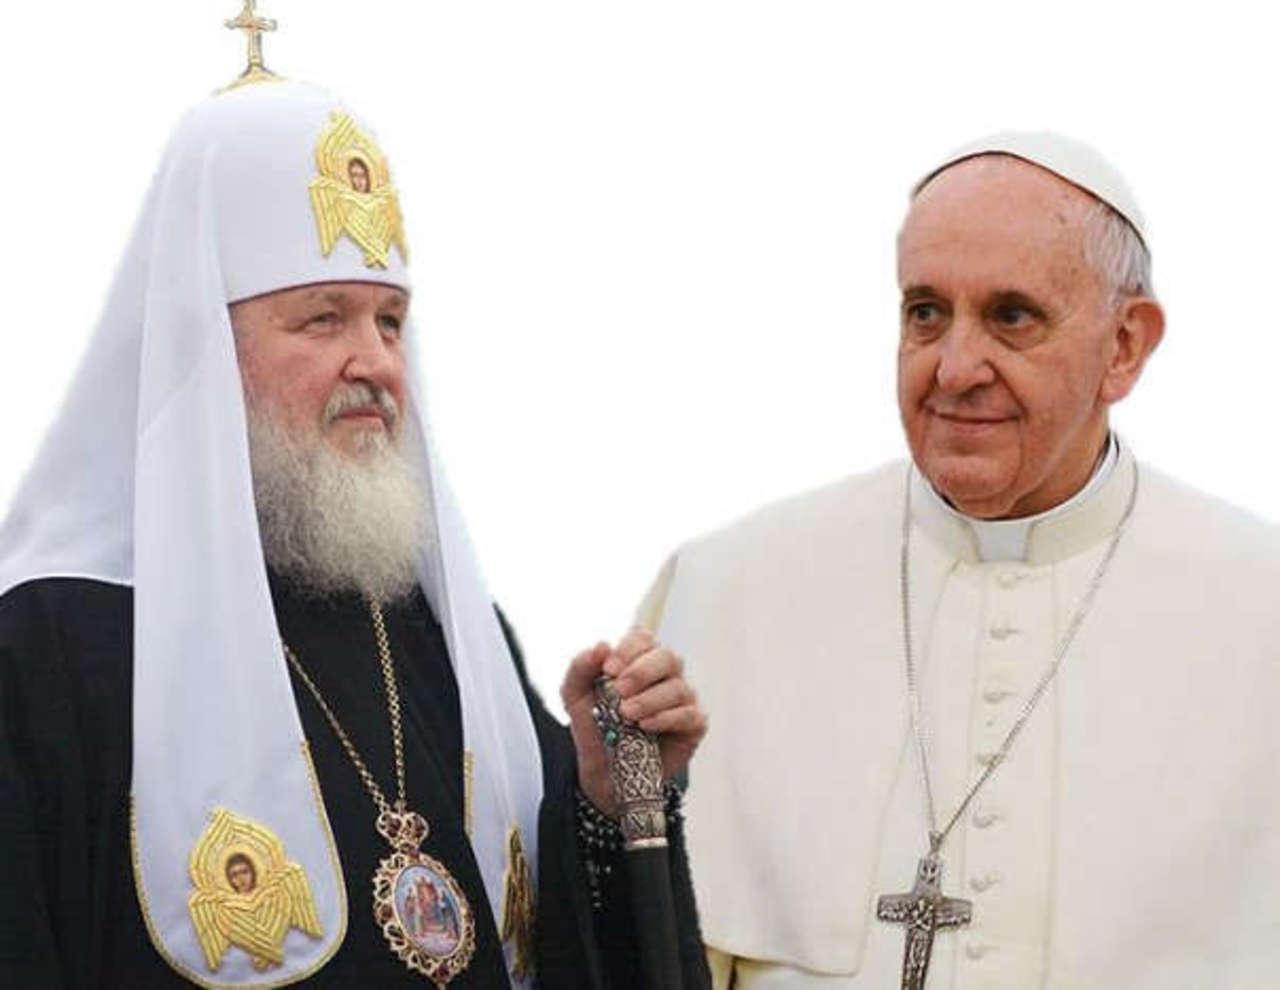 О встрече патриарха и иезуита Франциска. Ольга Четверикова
========================
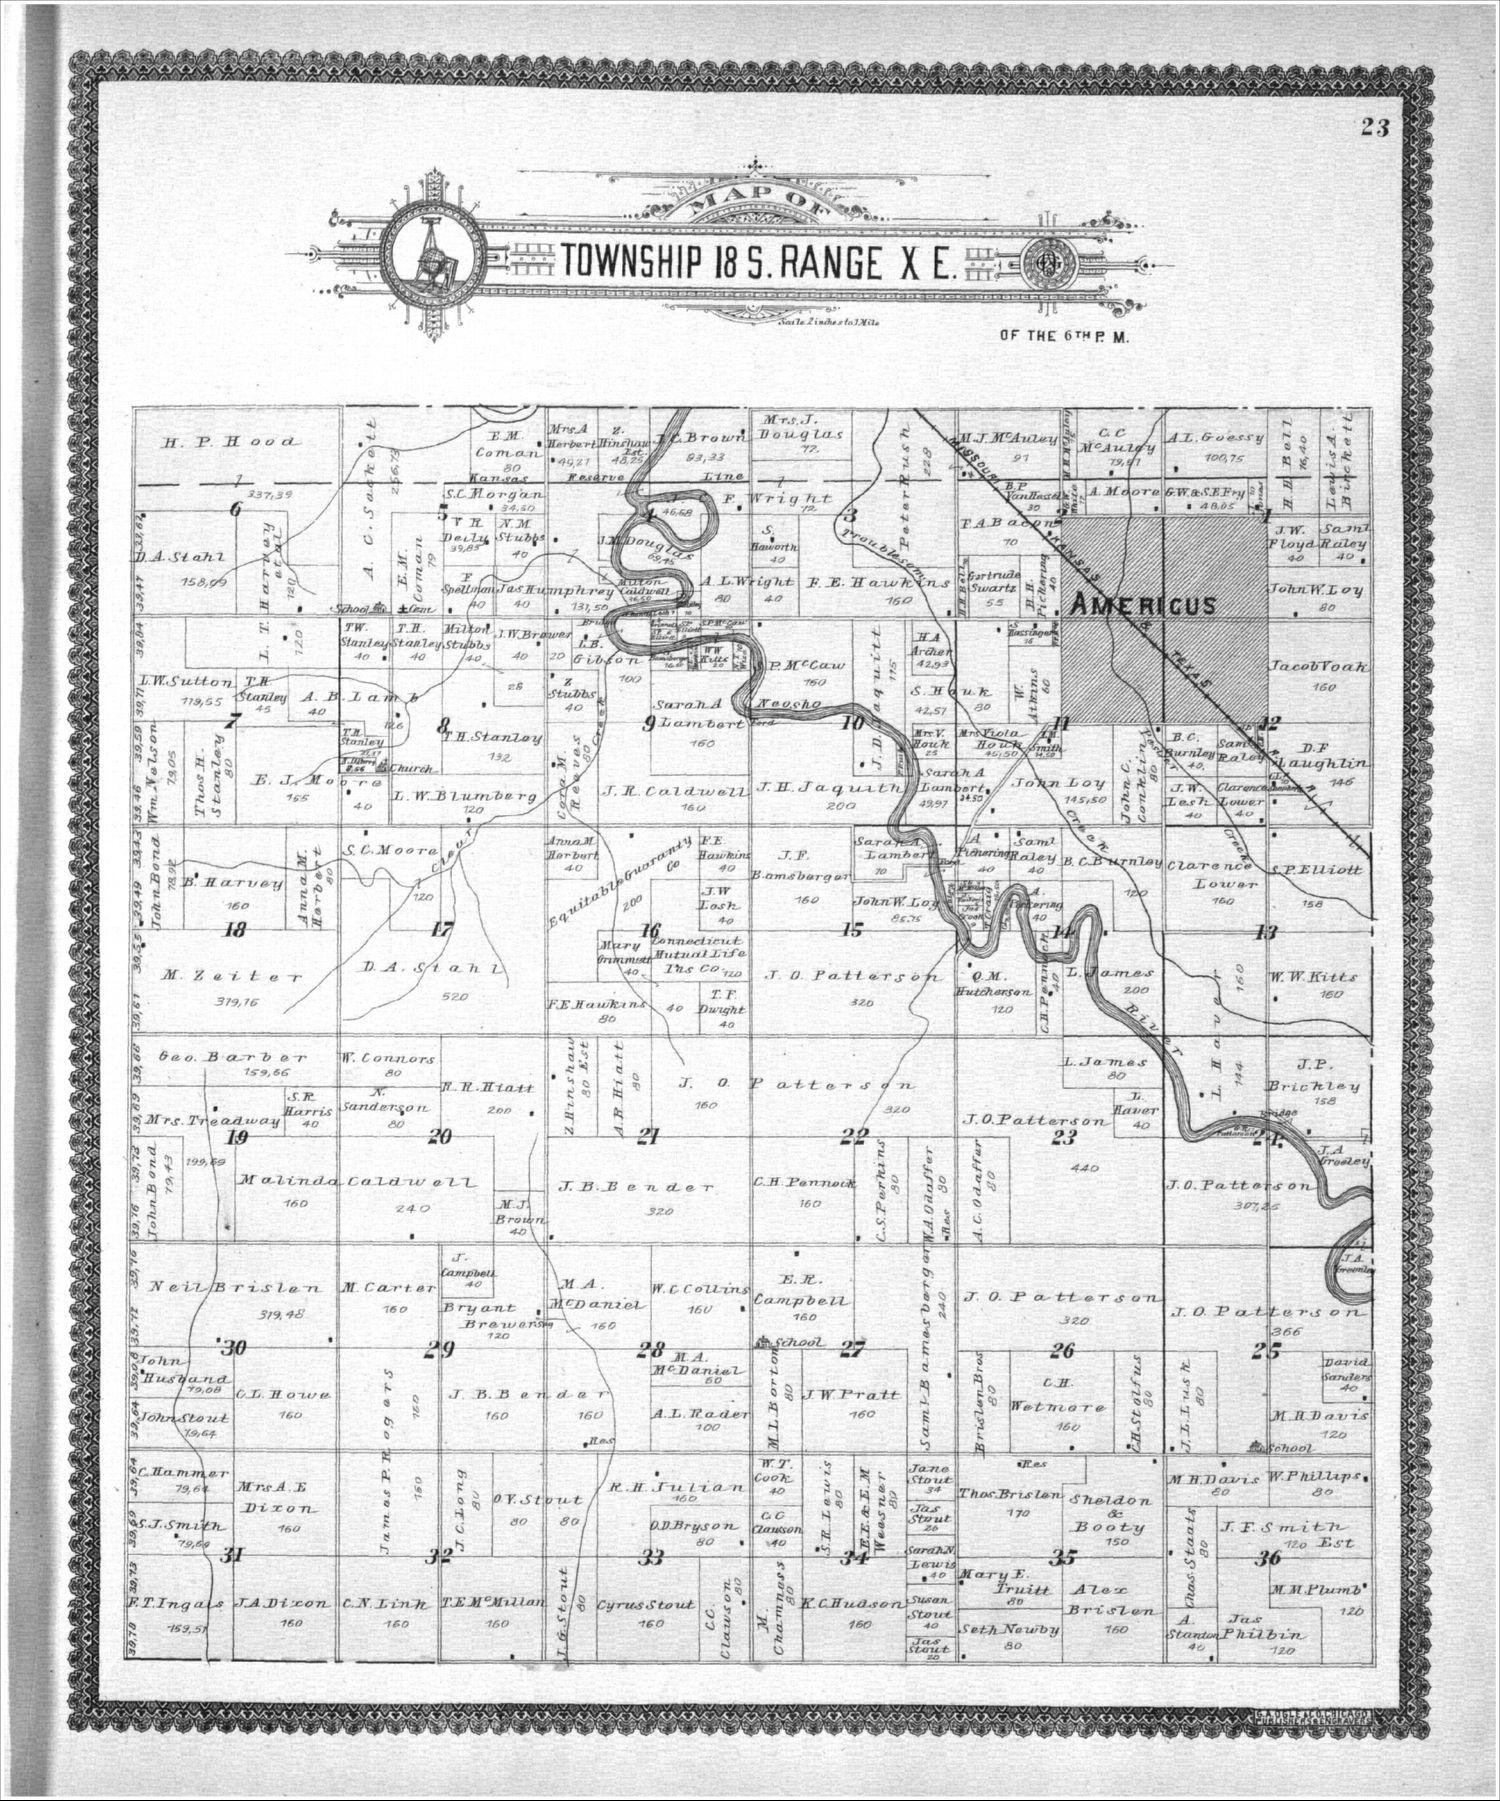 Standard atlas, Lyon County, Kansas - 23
========================
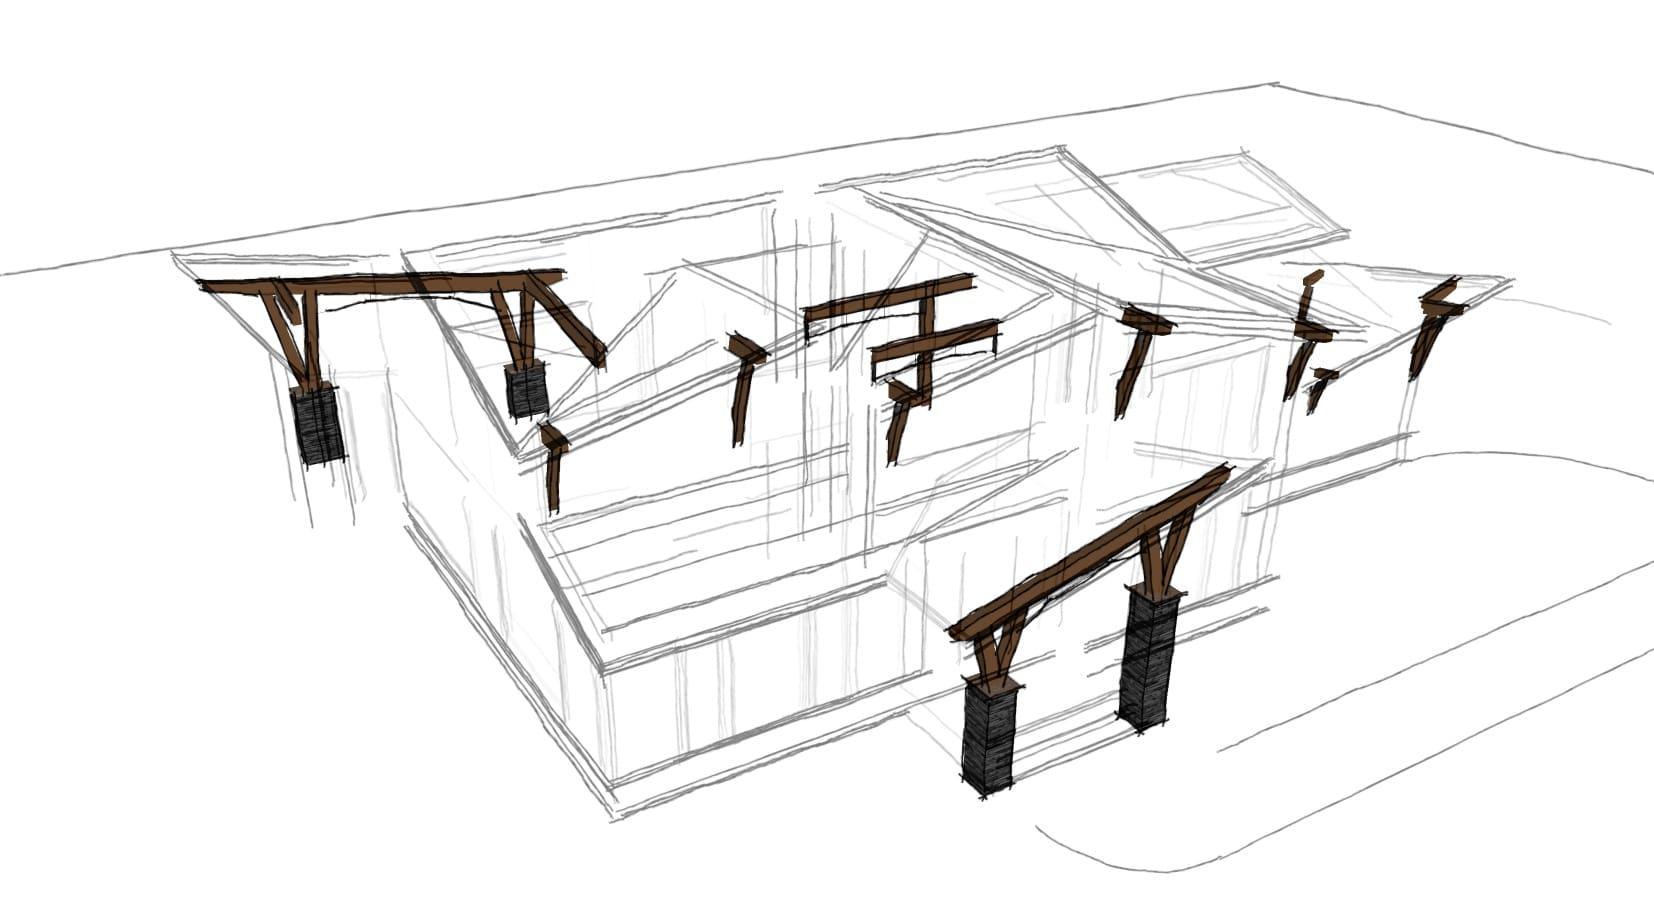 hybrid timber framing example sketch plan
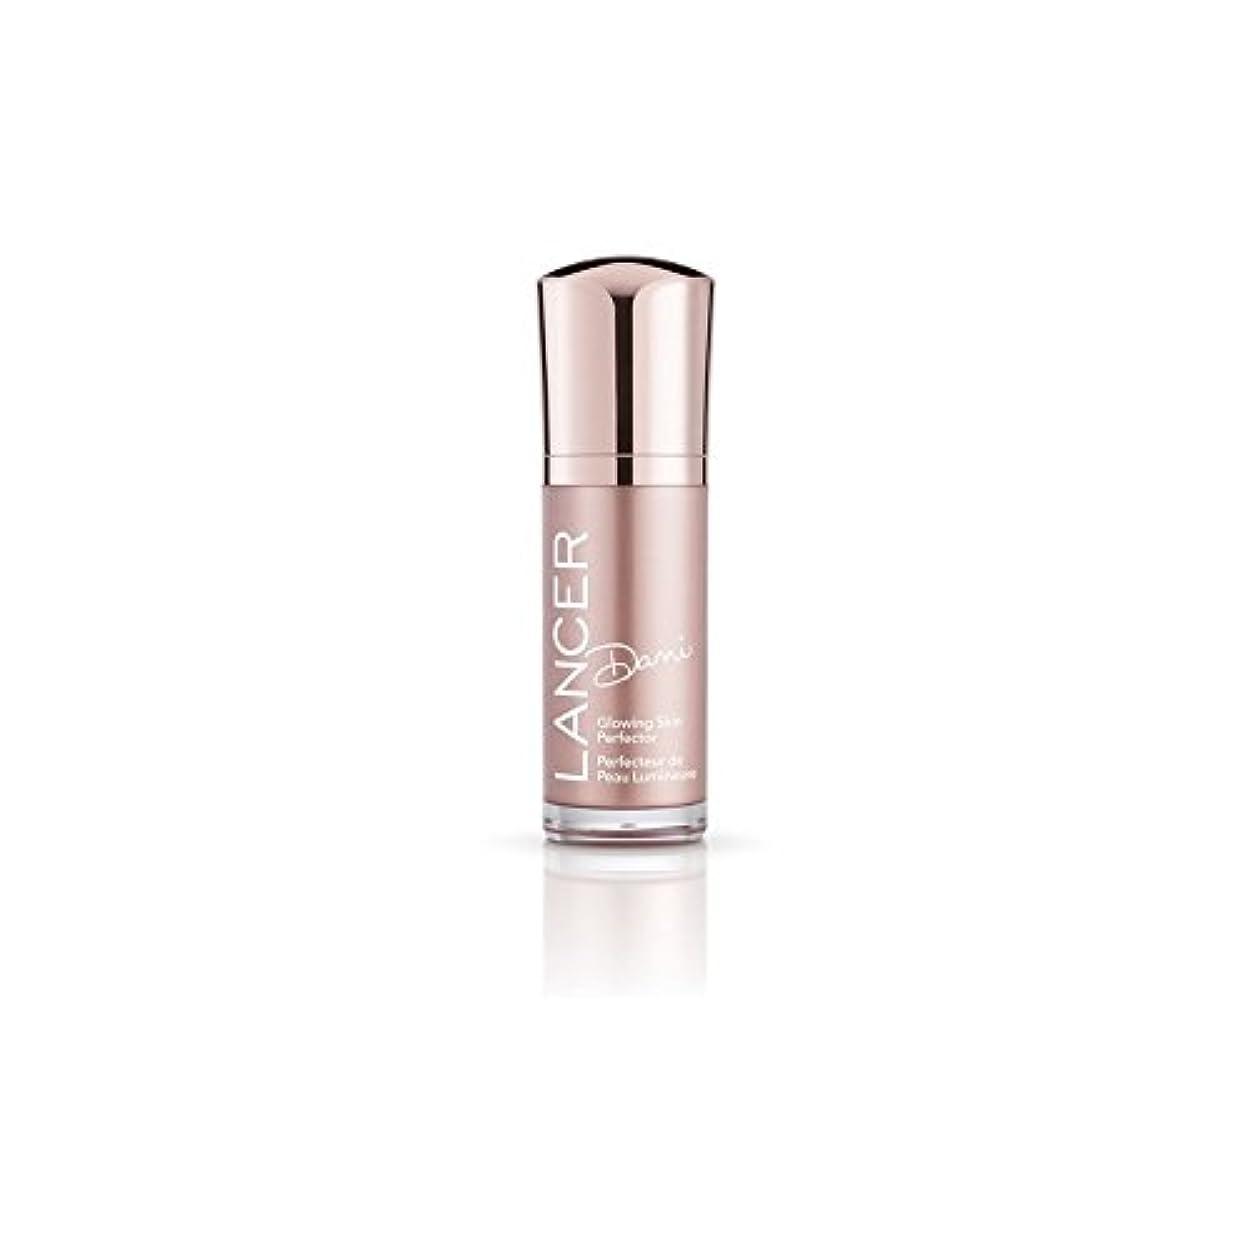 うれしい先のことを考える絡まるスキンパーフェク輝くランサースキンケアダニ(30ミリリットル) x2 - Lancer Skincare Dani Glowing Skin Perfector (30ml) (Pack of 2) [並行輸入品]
========================
What is expected => Having found the line with "hybrid timber framing example sketch plan" and the line with "うれしい先のことを考える絡まるスキンパーフェク輝くランサースキンケアダニ(30ミリリットル) x2 - Lancer" in the material above, write out exactly those two and every line between, leaving the pictures out.

Problem solution =>
 hybrid timber framing example sketch plan
 うれしい先のことを考える絡まるスキンパーフェク輝くランサースキンケアダニ(30ミリリットル) x2 - Lancer Skincare Dani Glowing Skin Perfector (30ml) (Pack of 2) [並行輸入品]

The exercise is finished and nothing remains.